Minetti, trota e tutto quell’inquinamento intellettuale lì. Per l’ultima volta.

Sì, me lo chiedete. Ho letto del ritorno di Berlusconi. E in fondo lo ripetevo come una litania (ma eravamo in tanti) ultimamente. E in fondo è la mossa che tutti sapevano, che qualcuno fingeva di contrastare e che mi ha sempre lasciato perplesso in alcune scelte degli amici del PD. Però oggi mi interessa altro: questi partiti che si ripuliscono così in fretta. Che a guardarli da fuori ti sembra un gesto da impuniti dell’etica e la morale.
La Lega caccia Renzo Bossi e in Lombardia si erge a moralista. Ci siamo puliti! Festeggiano, pure. E pensi che non possa bastare così poco. Che non sia possibile. Che non ci sarà nessuno che se la beve così facilmente, che la sottrazione di fondi pubblici (pubblici perché di tutti, mica della Lega, eh) non si possa lavare chiedendo al Trota di dimettersi e a suo padre Umberto Bossi di fare l’ammaestrato per qualche mese (perché tornerà anche lui, contateci).

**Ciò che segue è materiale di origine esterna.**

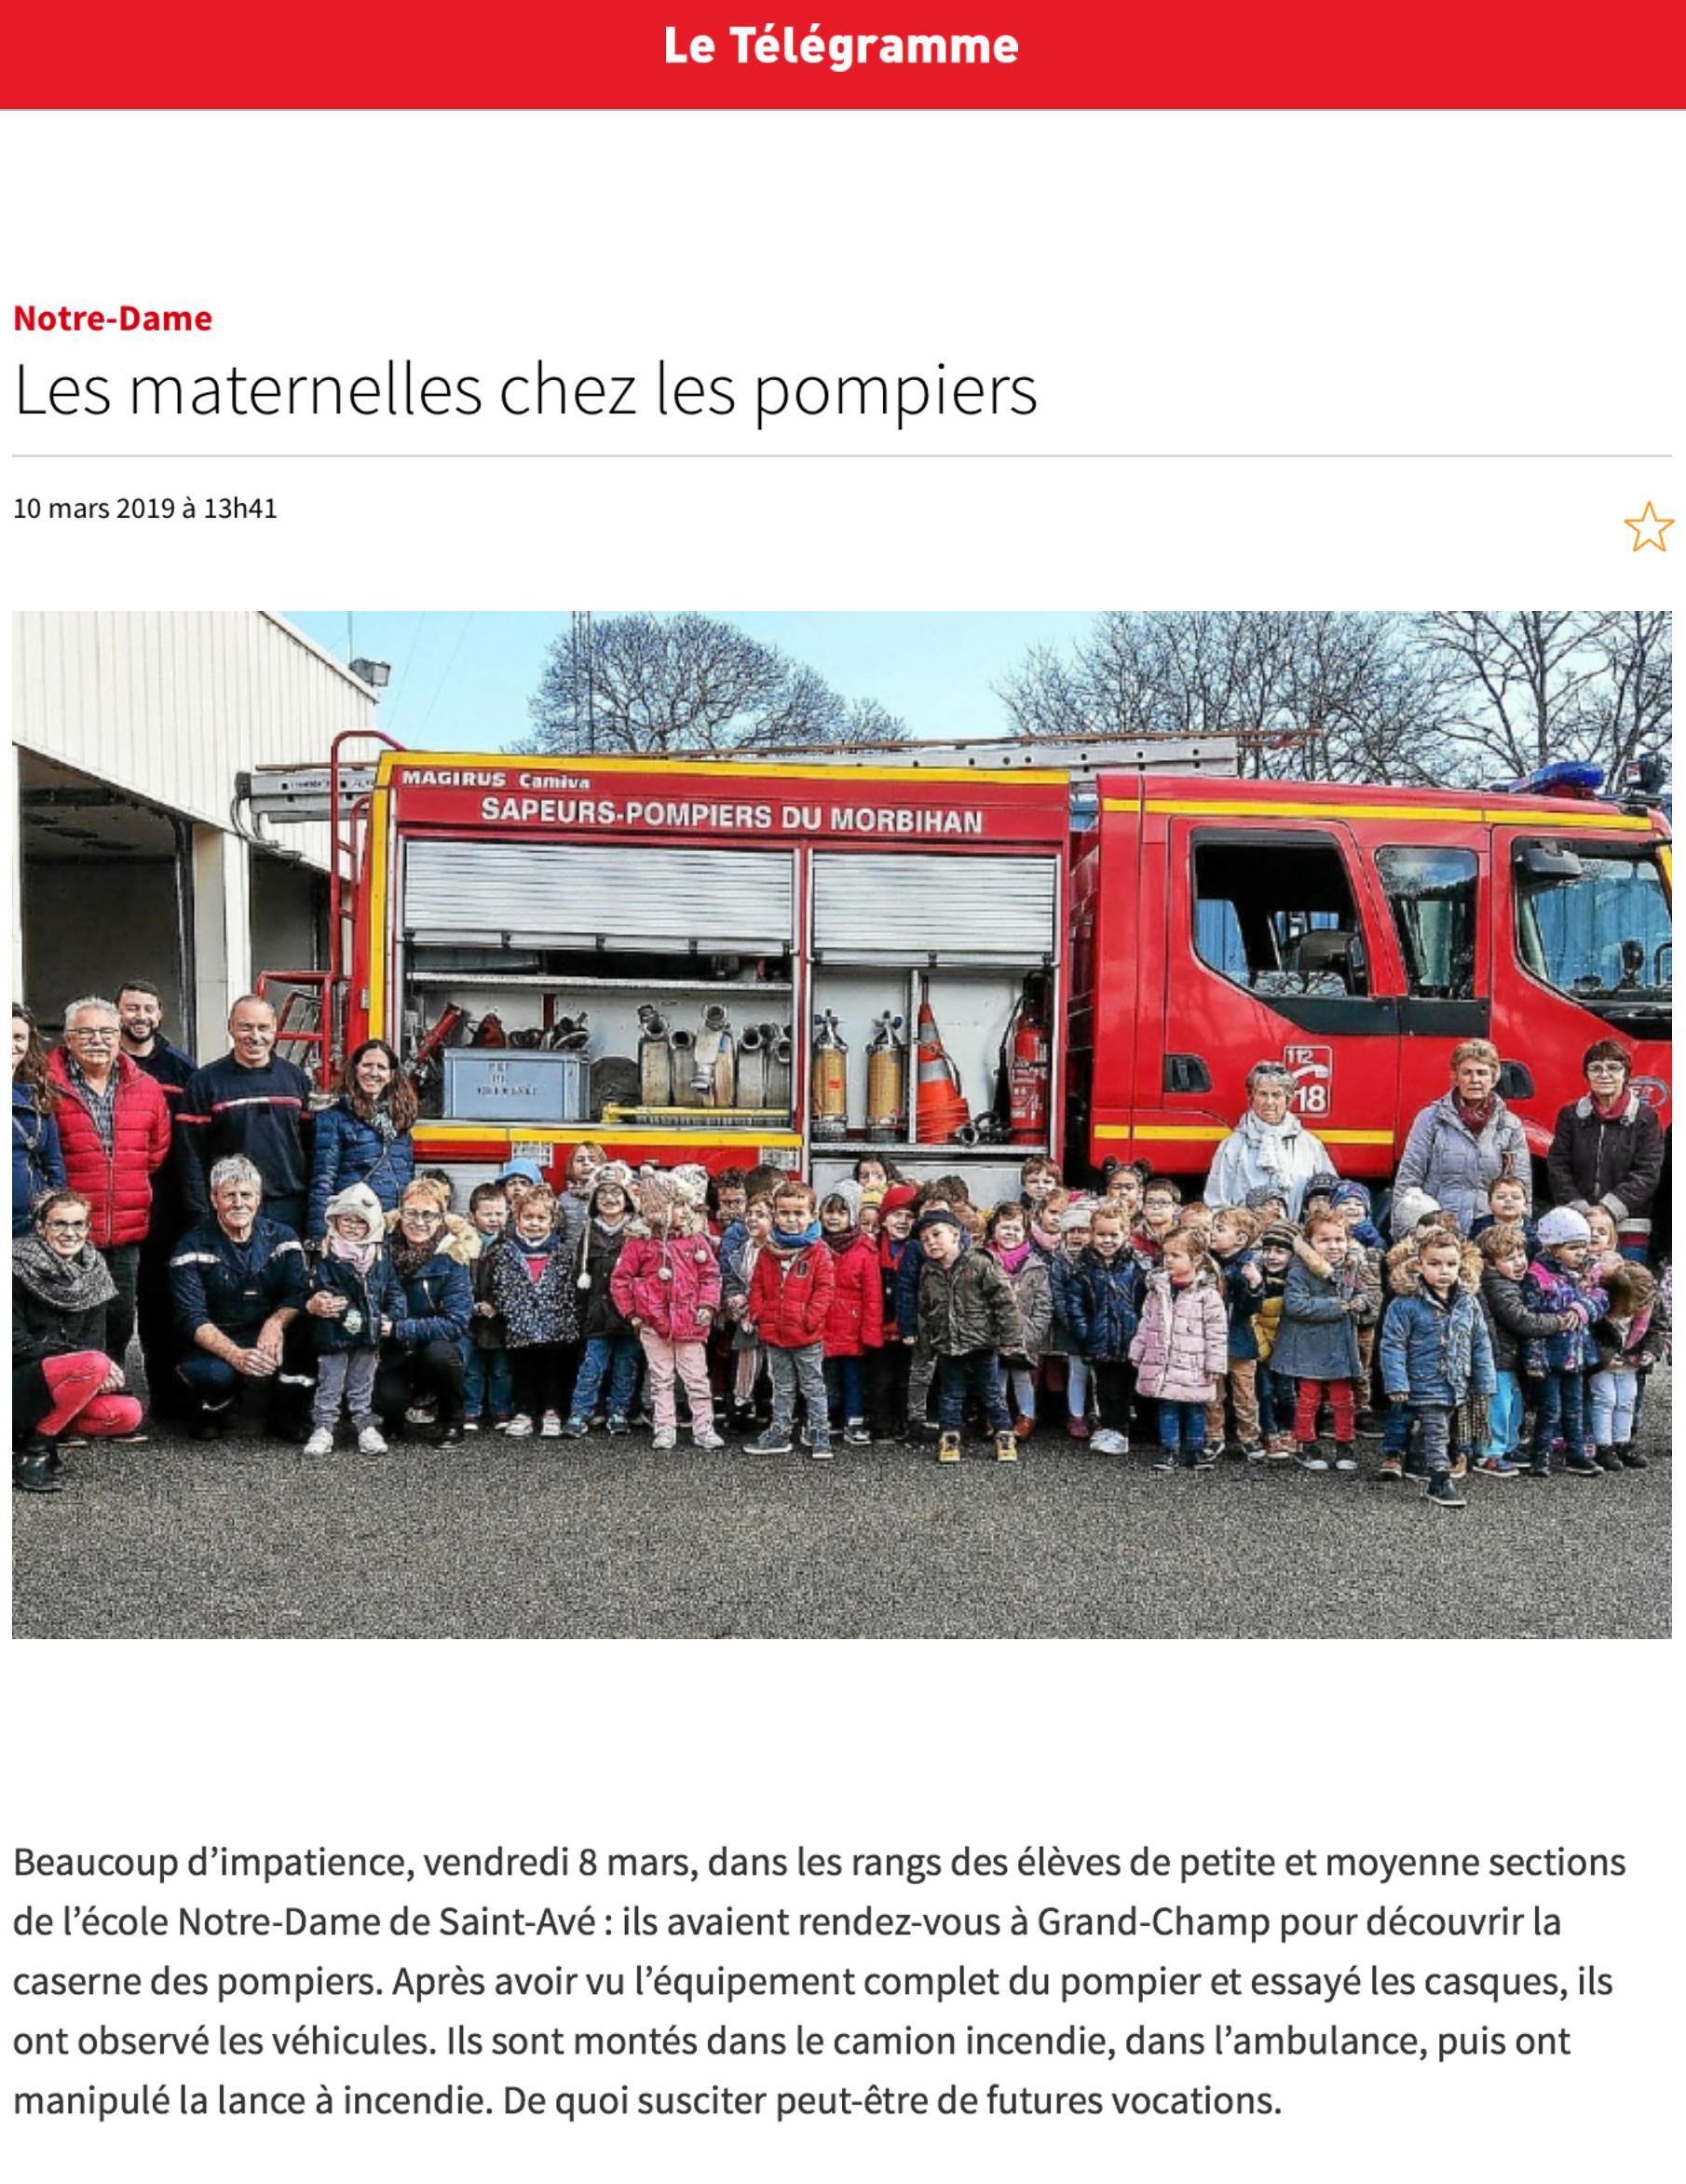 Les maternelles chez les pompiers

Poi arriva Silvio e decide di fare fuori la Minetti. E pensi che in fondo l’analogia ci sta. Ma siccome Silvio è un fantasista di quelli che fa notizia anche se non tocca mai la palla (come quei talenti inespressi del calcio che chissà perché si sono comunque meritati l’etichetta di “talenti”) decide di chiedere alla sua amichetta del cuore di fare un passo indietro e che basti così.
Mentre l’Europa crolla, il lavoro scompare e i diritti si sgretolano.
Lui, Silvio, si toglie l’ammaliante sassolino dalla scarpa e basta così. Non finge nemmeno un periodo da mansueto in quinta alla Bossi, per intenderci.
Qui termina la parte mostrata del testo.